(Exercise instructions) The entries below contain pictures. Write out only the lines from the line with "Invisible House reflects" up to and including the line with "The Nike Air", exactly, without them.

(Data to process)
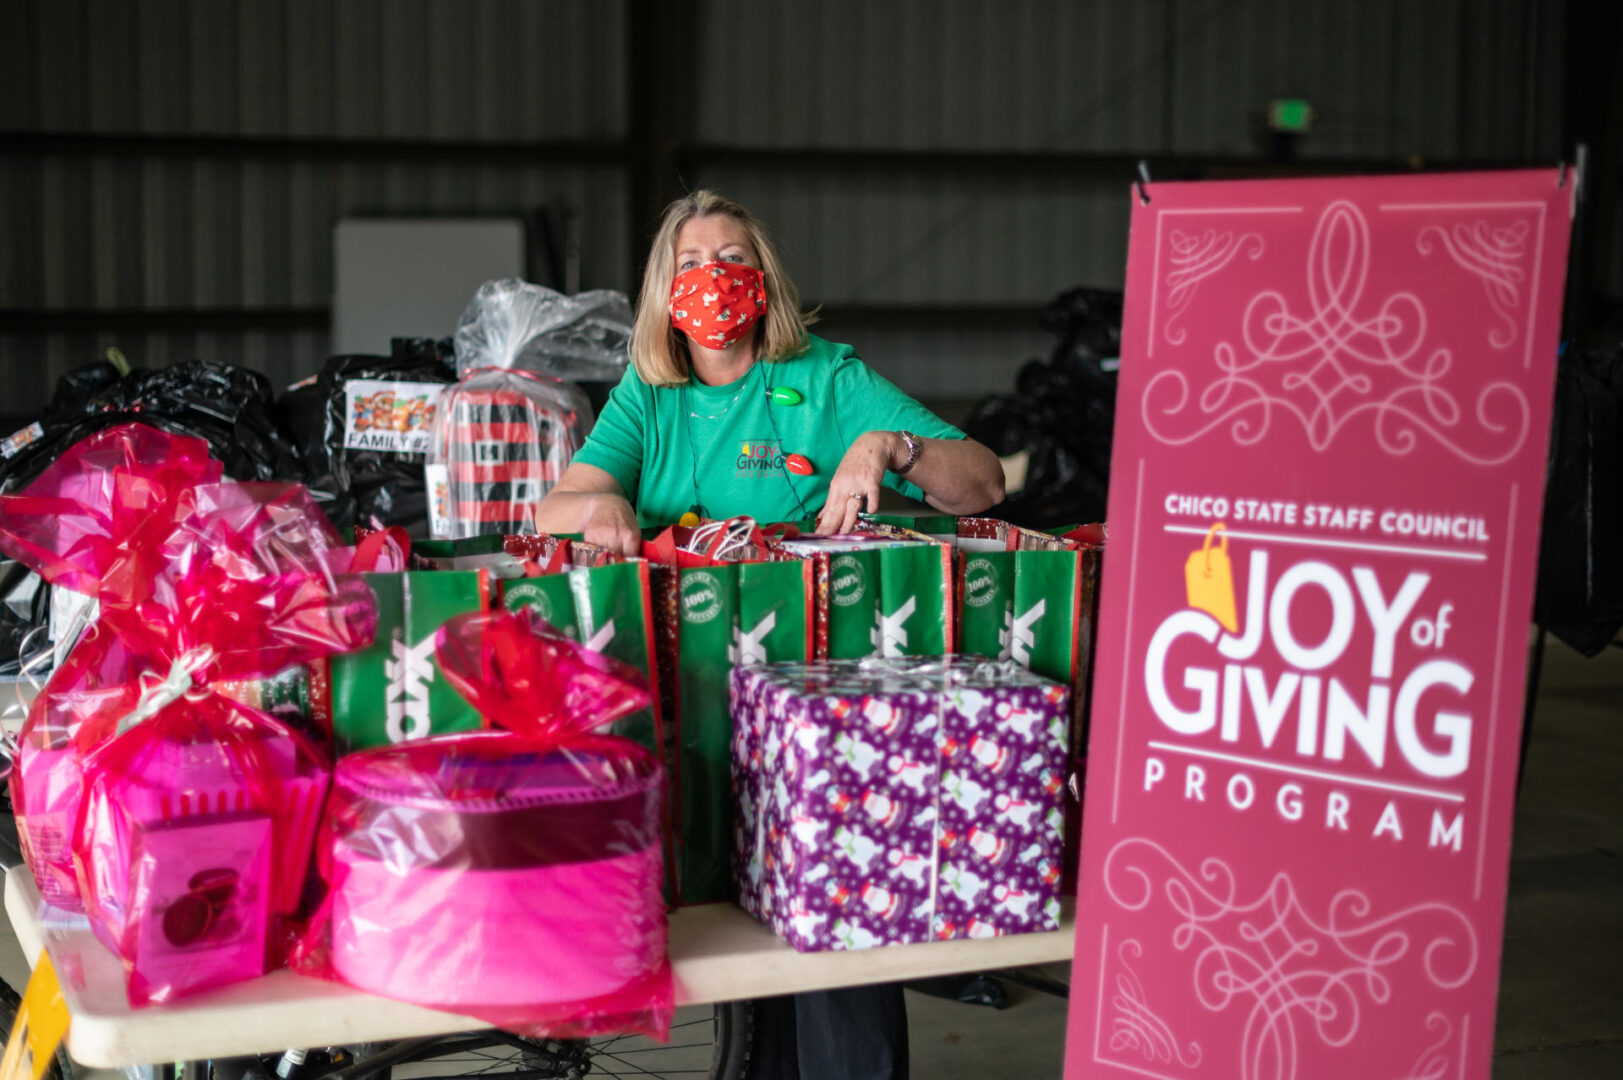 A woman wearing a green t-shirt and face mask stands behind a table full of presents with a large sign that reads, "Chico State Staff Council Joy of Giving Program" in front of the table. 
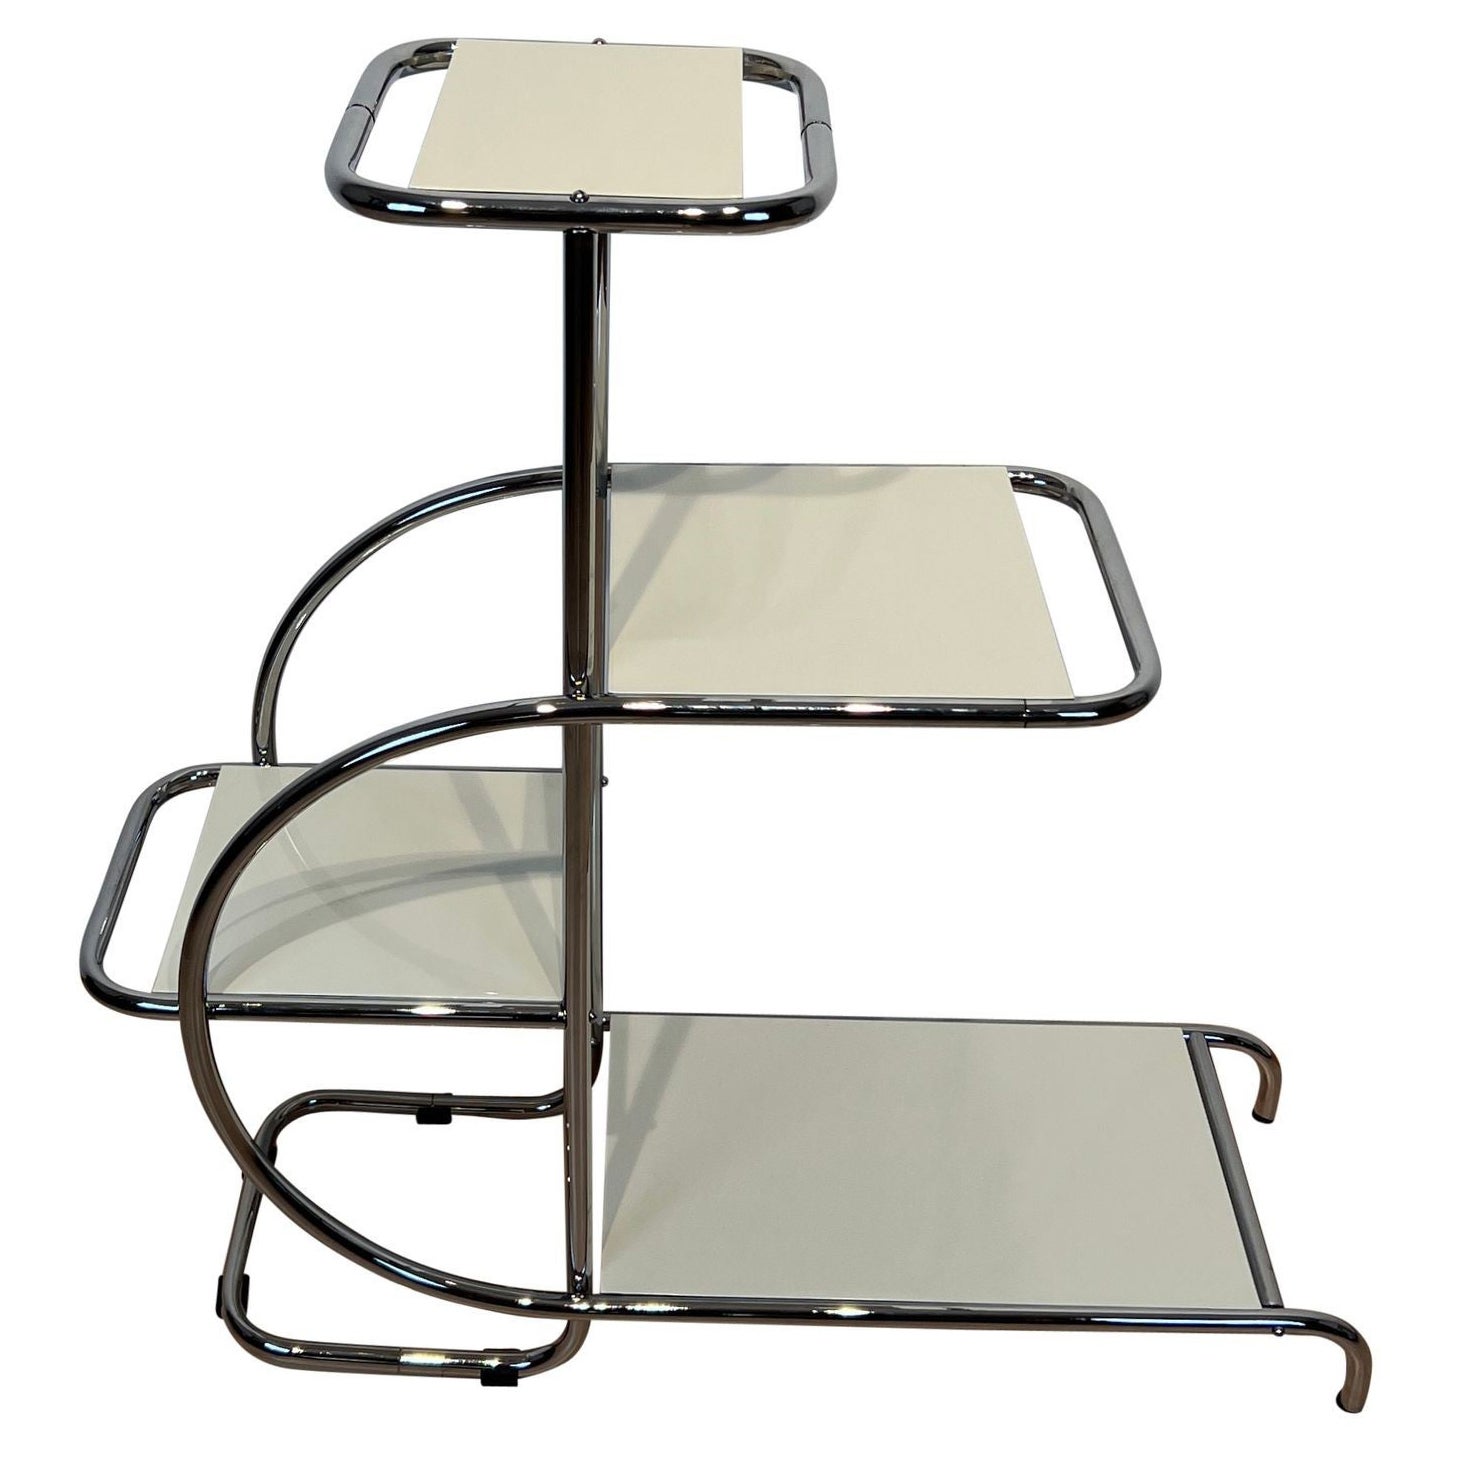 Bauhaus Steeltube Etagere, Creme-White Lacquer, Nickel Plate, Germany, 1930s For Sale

---

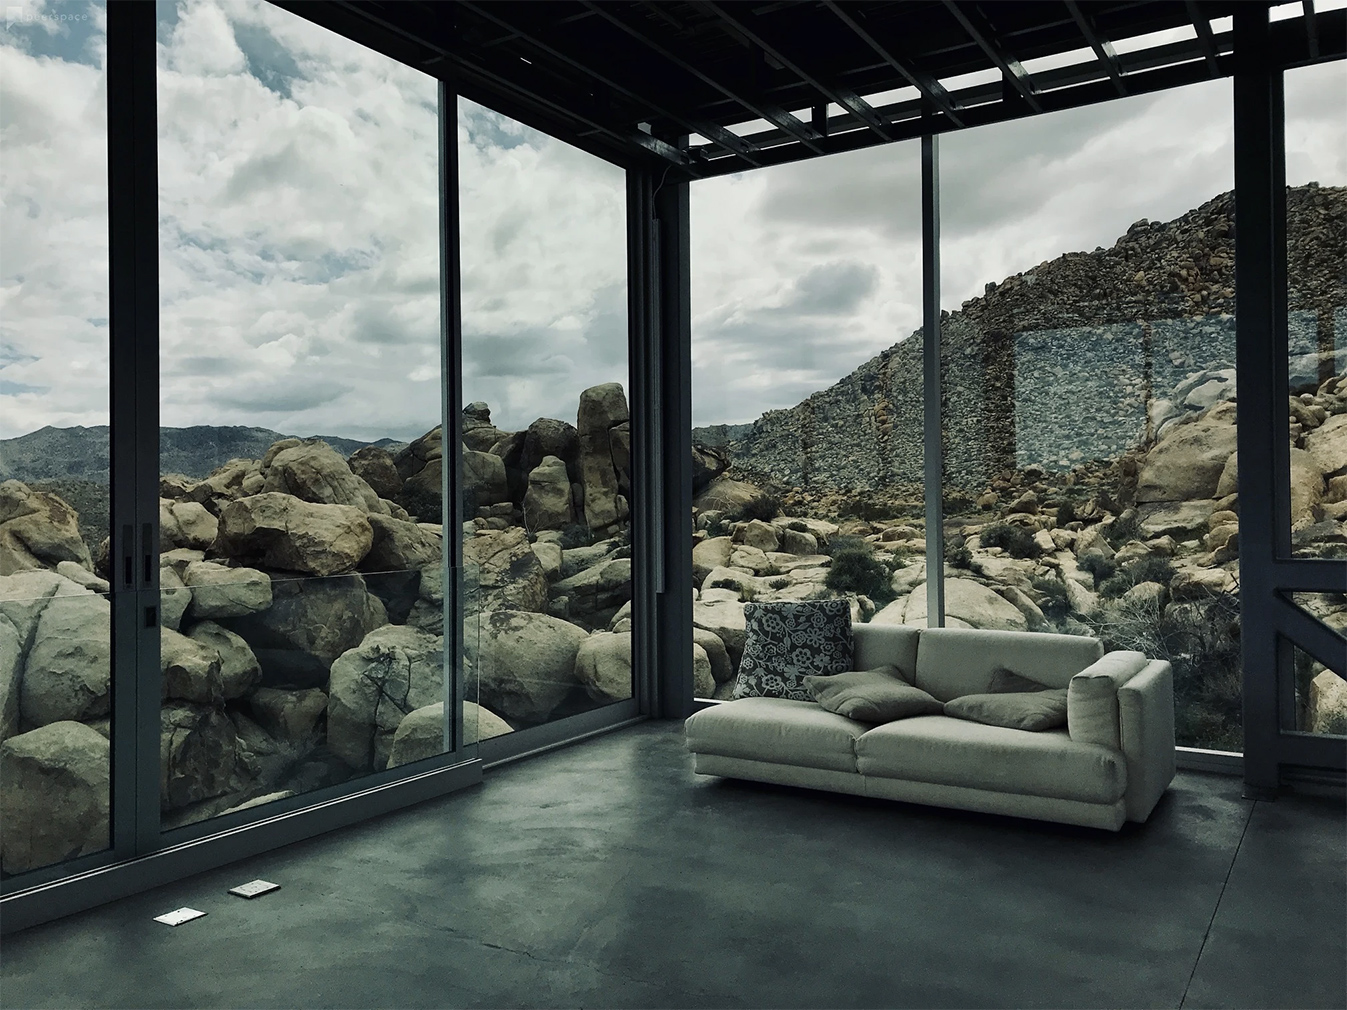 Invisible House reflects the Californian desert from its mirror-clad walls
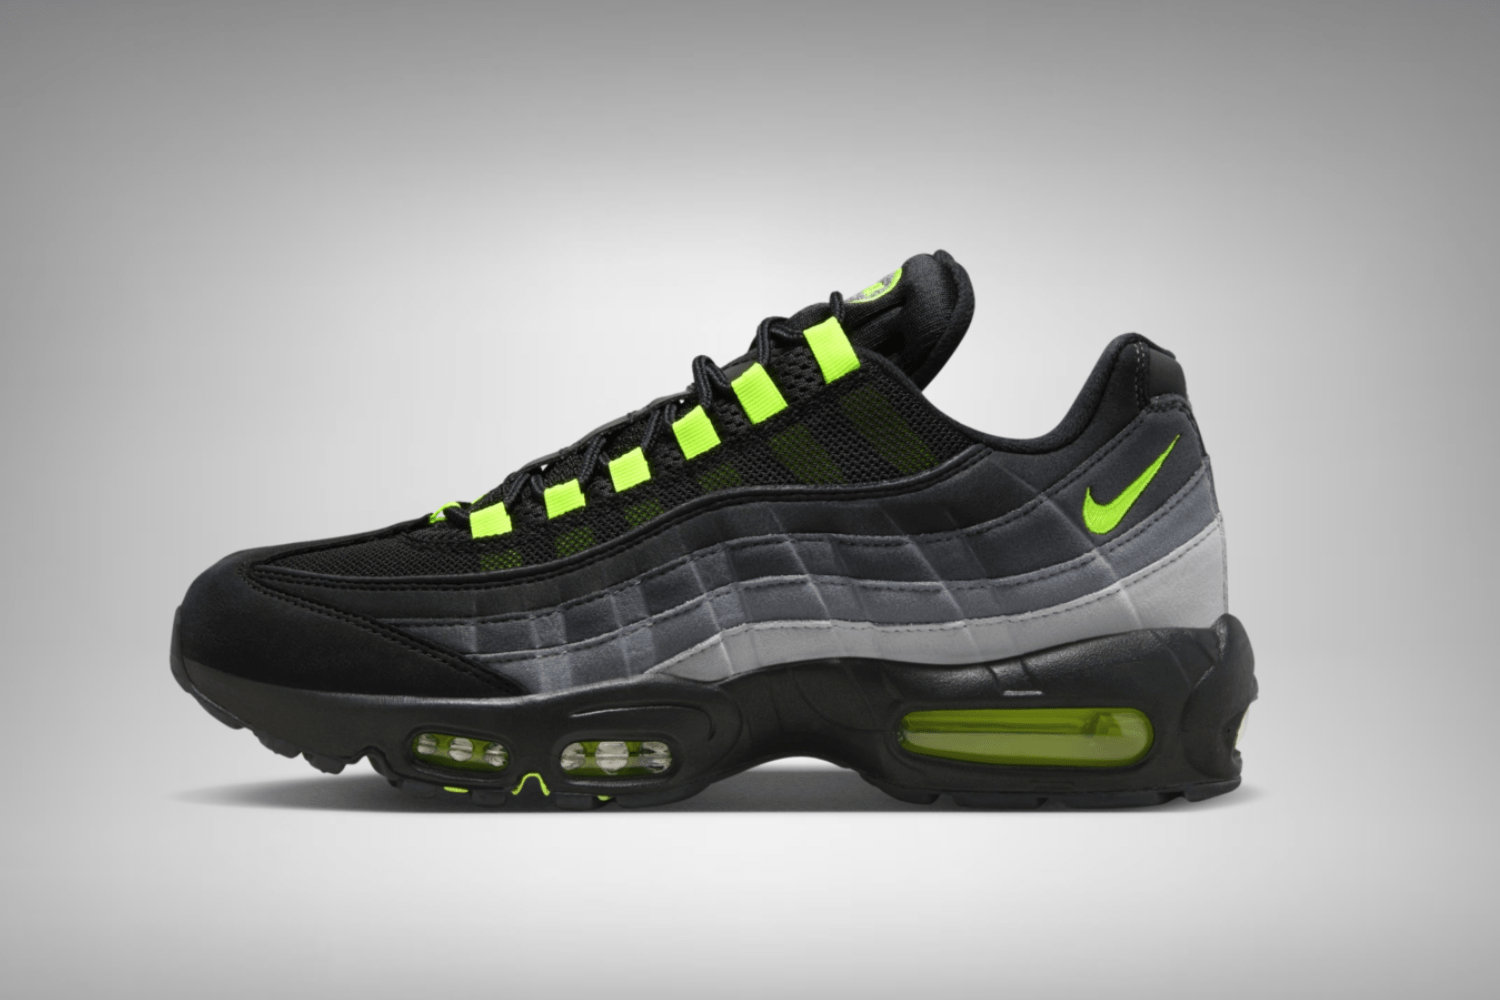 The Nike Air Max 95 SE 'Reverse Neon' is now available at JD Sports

* * *

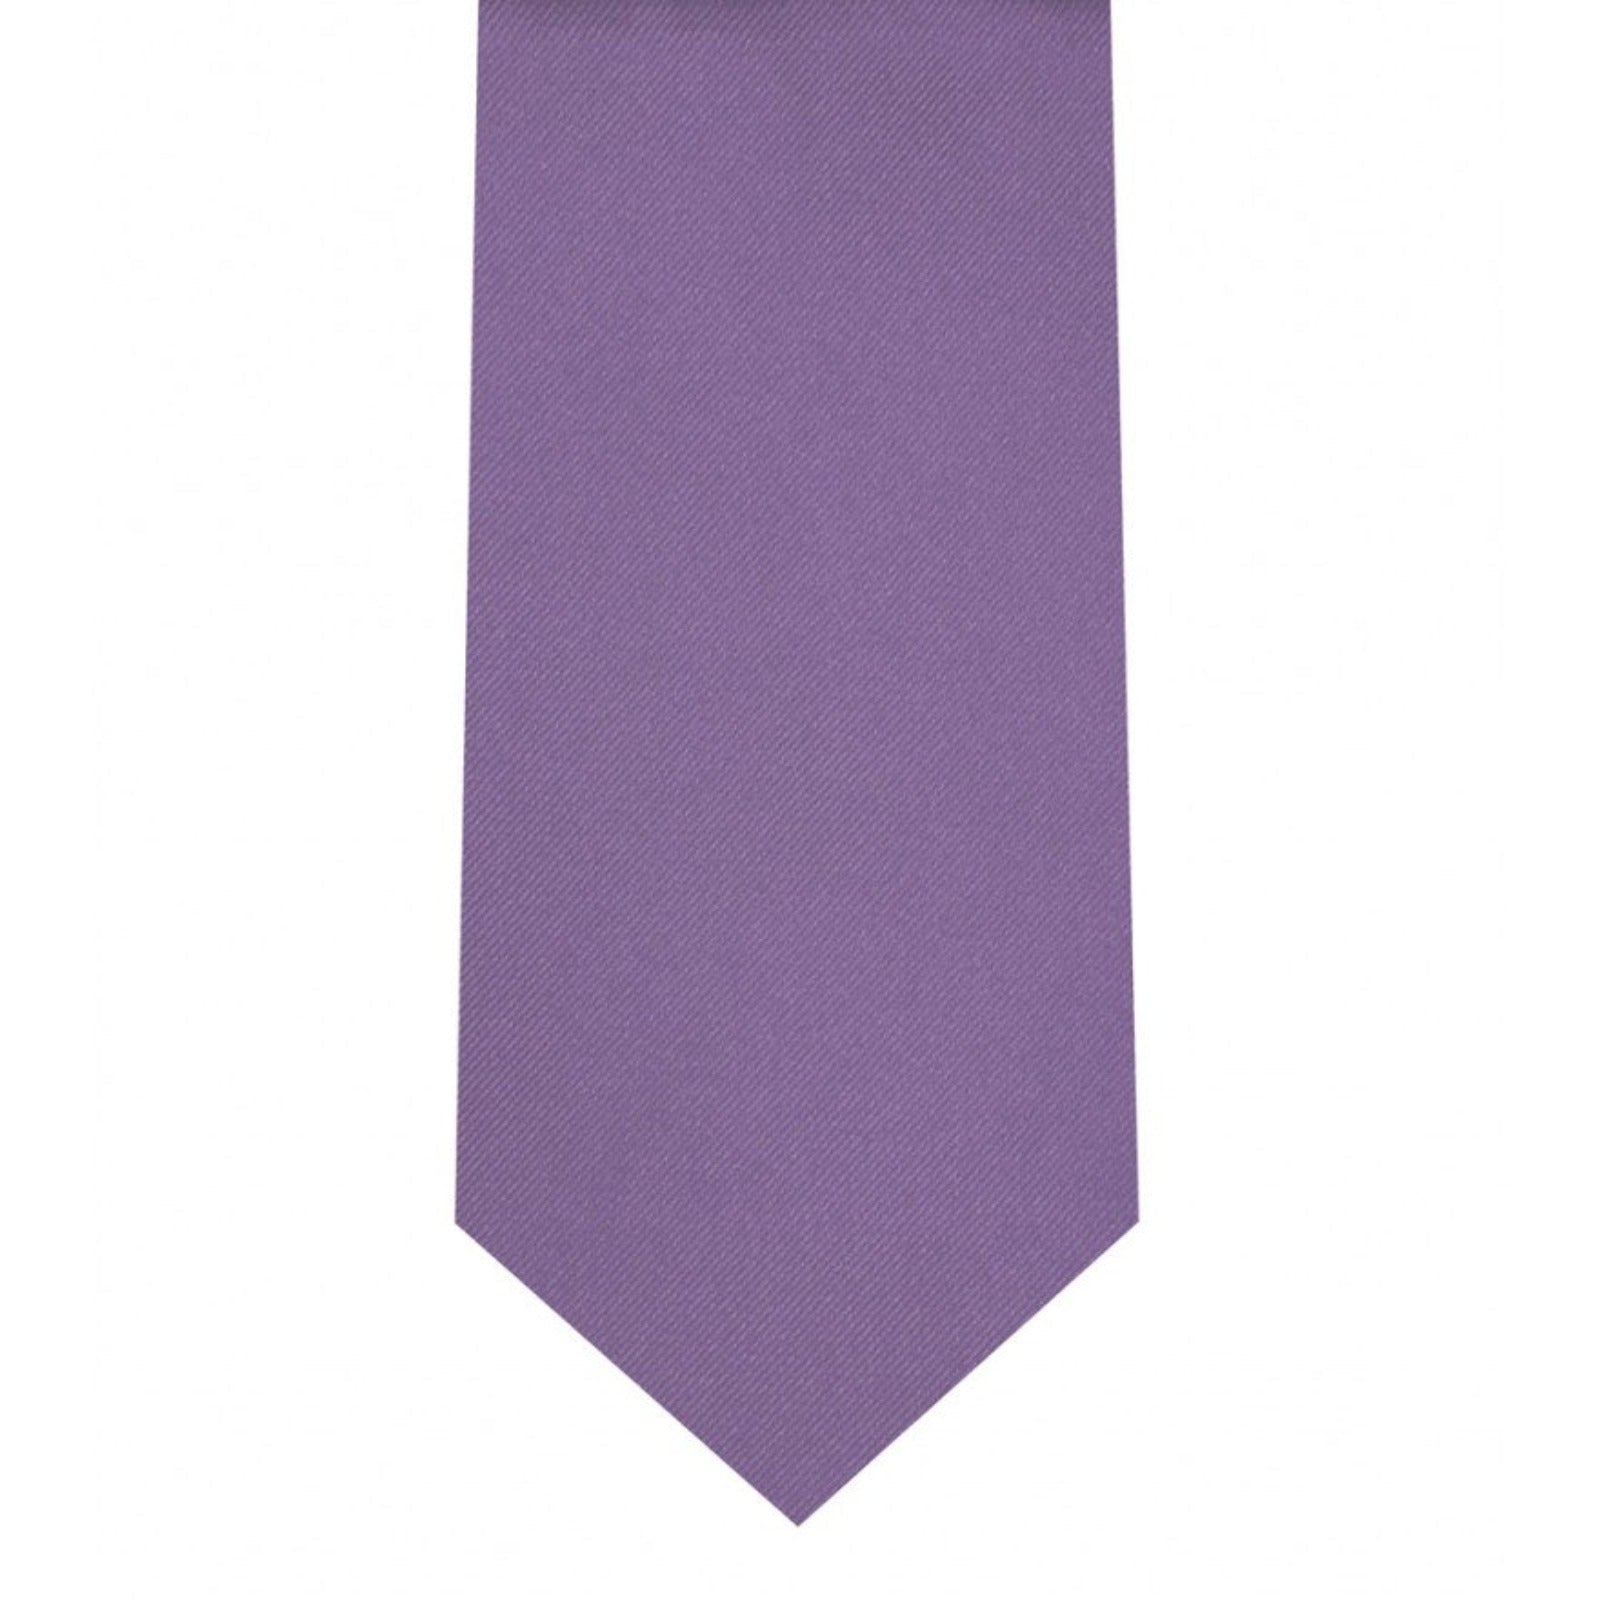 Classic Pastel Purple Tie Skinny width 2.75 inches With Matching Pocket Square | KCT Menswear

(Exercise result)
 Invisible House reflects the Californian desert from its mirror-clad walls
 The Nike Air Max 95 SE 'Reverse Neon' is now available at JD Sports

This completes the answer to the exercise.